There is also a more complex scenario in stateless mode, which is user registration. Because when registering, you can only decide which data center to put in according to the registration information filled in by the user. But if the user emigrates later, or the company migrates somewhere else, we have to clean up the relevant data and migrate all the user's transaction data, user name, password and so on to another data center. This kind of data switching cost is actually relatively high.
At present, we also support complex scenarios such as users switching data centers, but we will also start to consider how to reduce the impact of switching data centers on the overall architecture.
In fact, everything we mentioned above illustrates one problem, that is, "data and location". However, before the division of data ownership, there is a very important premise, that is, the degree of information processing.

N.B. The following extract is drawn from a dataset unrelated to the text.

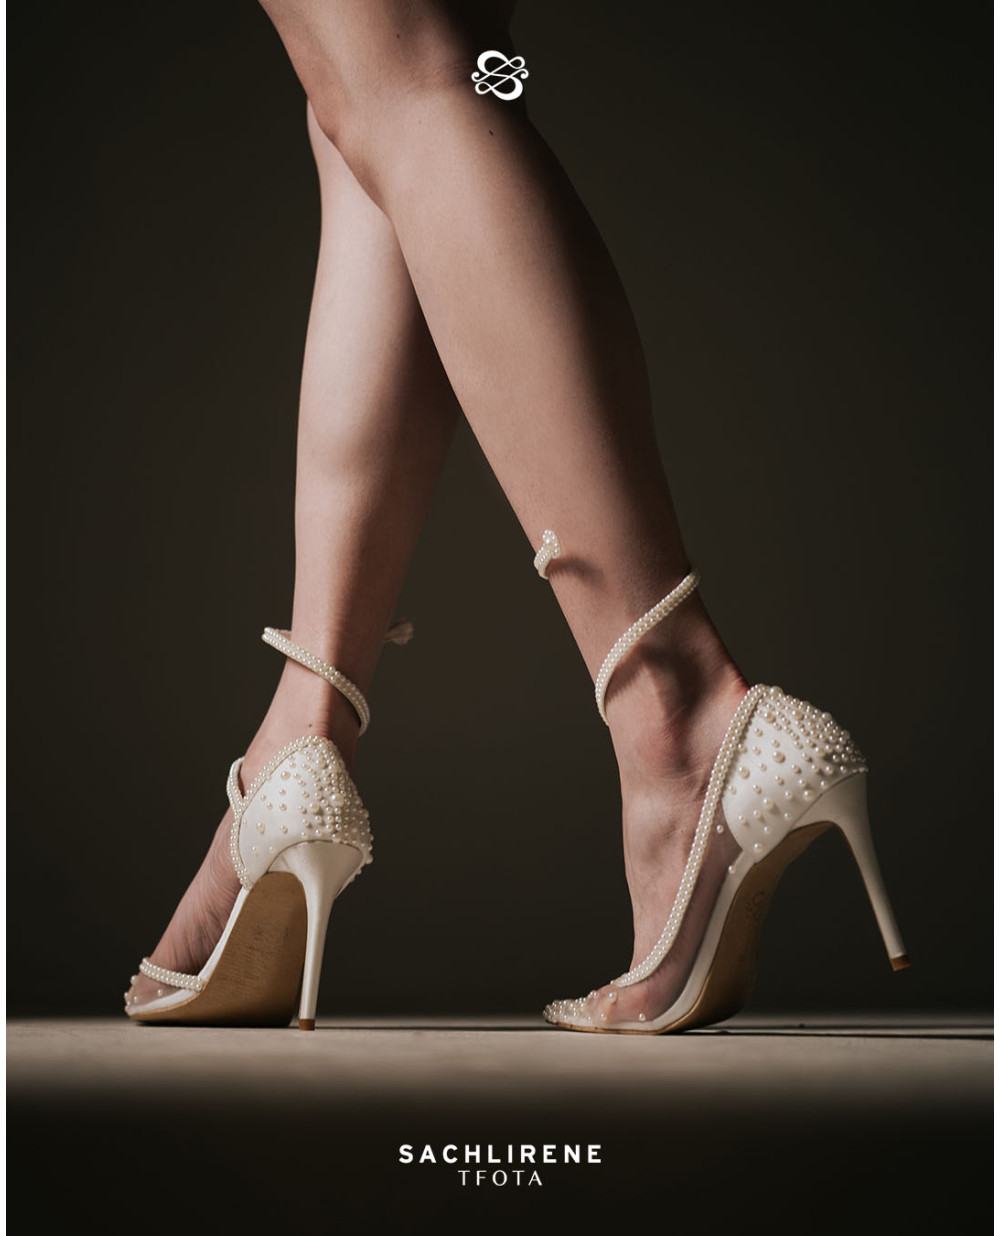 SERAPHINE & PEARL SHOES
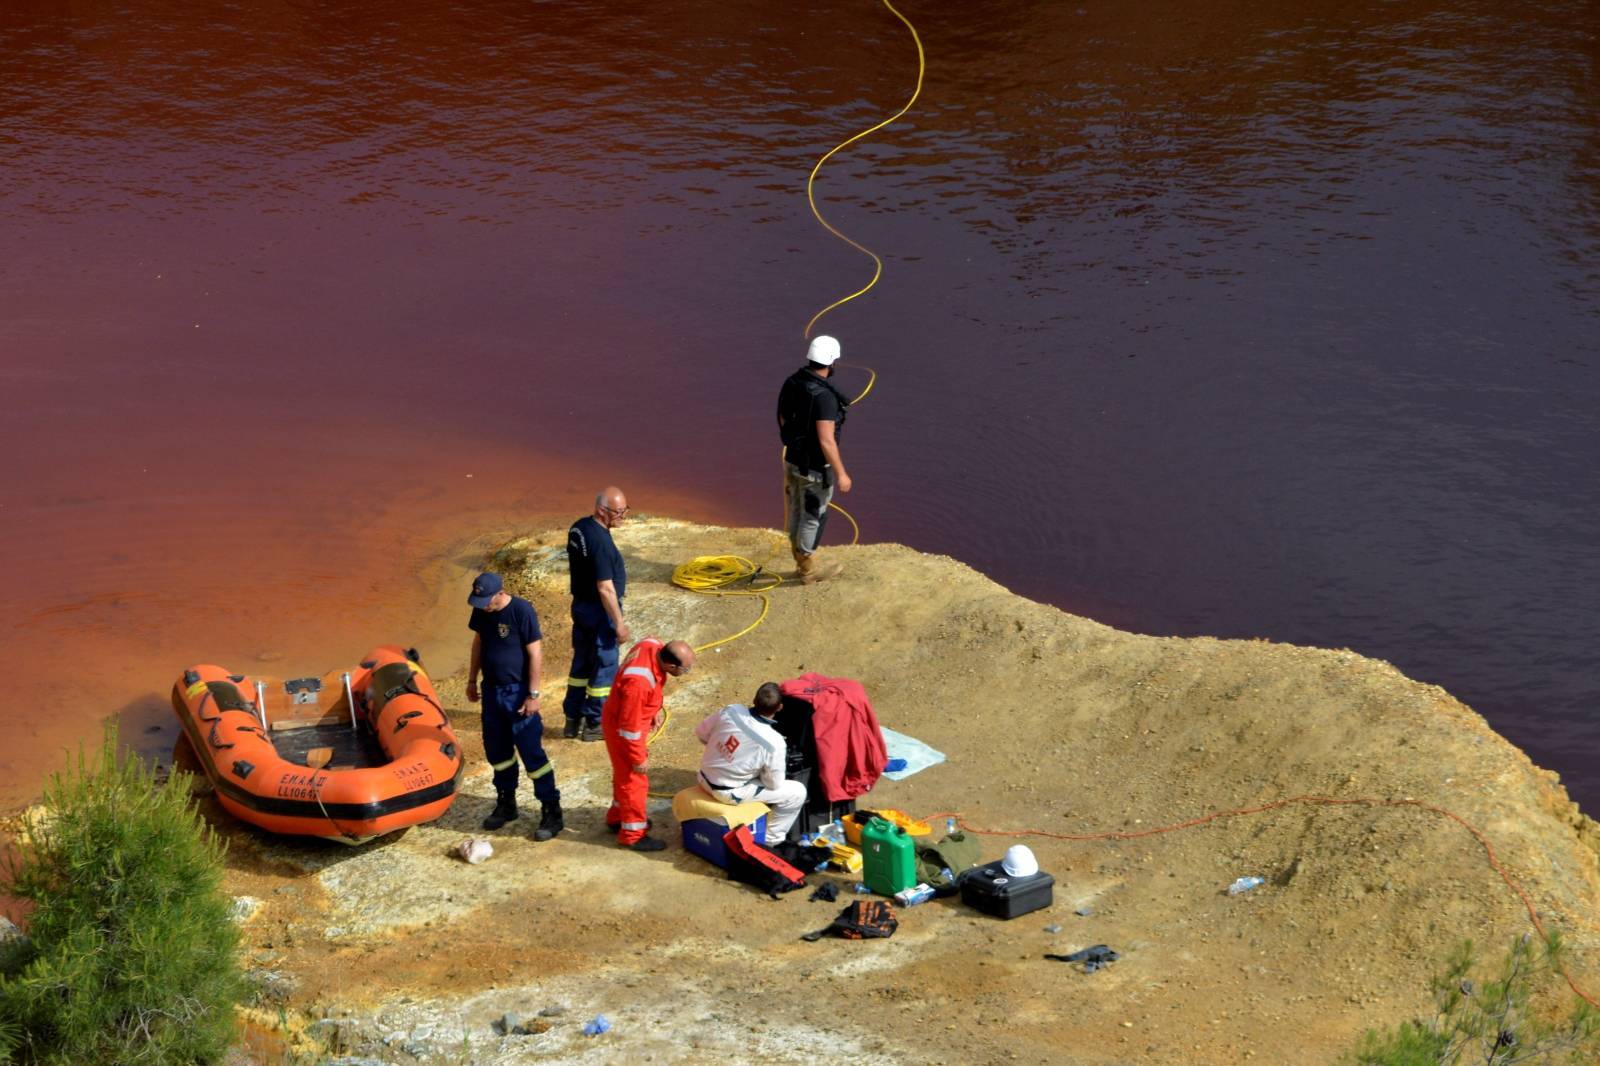 Forensics officers search Kokkinopezoula lake, also known as "red lake", for possible bodies of victims of a suspected serial killer near the village of Mitsero

The data is sensitive, and when we get user data for data analysis/commercial BI or other big data analysis, we can't use it immediately. We should first carry out the Filter of sensitive information at the personal level, in addition, at the data aggregation level, when the data from the same region are aggregated to look at the overall data, and then abstract the user information again, so as to achieve the state that the user can not be fully identified.
Only in this way can we meet the regulatory requirements and use this information for data analysis. This is the most fundamental requirement of data processing. While we standardize data supervision, we should also ensure the "security" of user information.
Of course, the shared Apache APISIX based gateway-level processing of data sovereignty is only part of the process of "dealing with the risk of data sovereignty". We expect the Apache APISIX gateway to help Airwallex do better and better at the level of data sovereignty, and so far, Apache APISIX has done what we expect.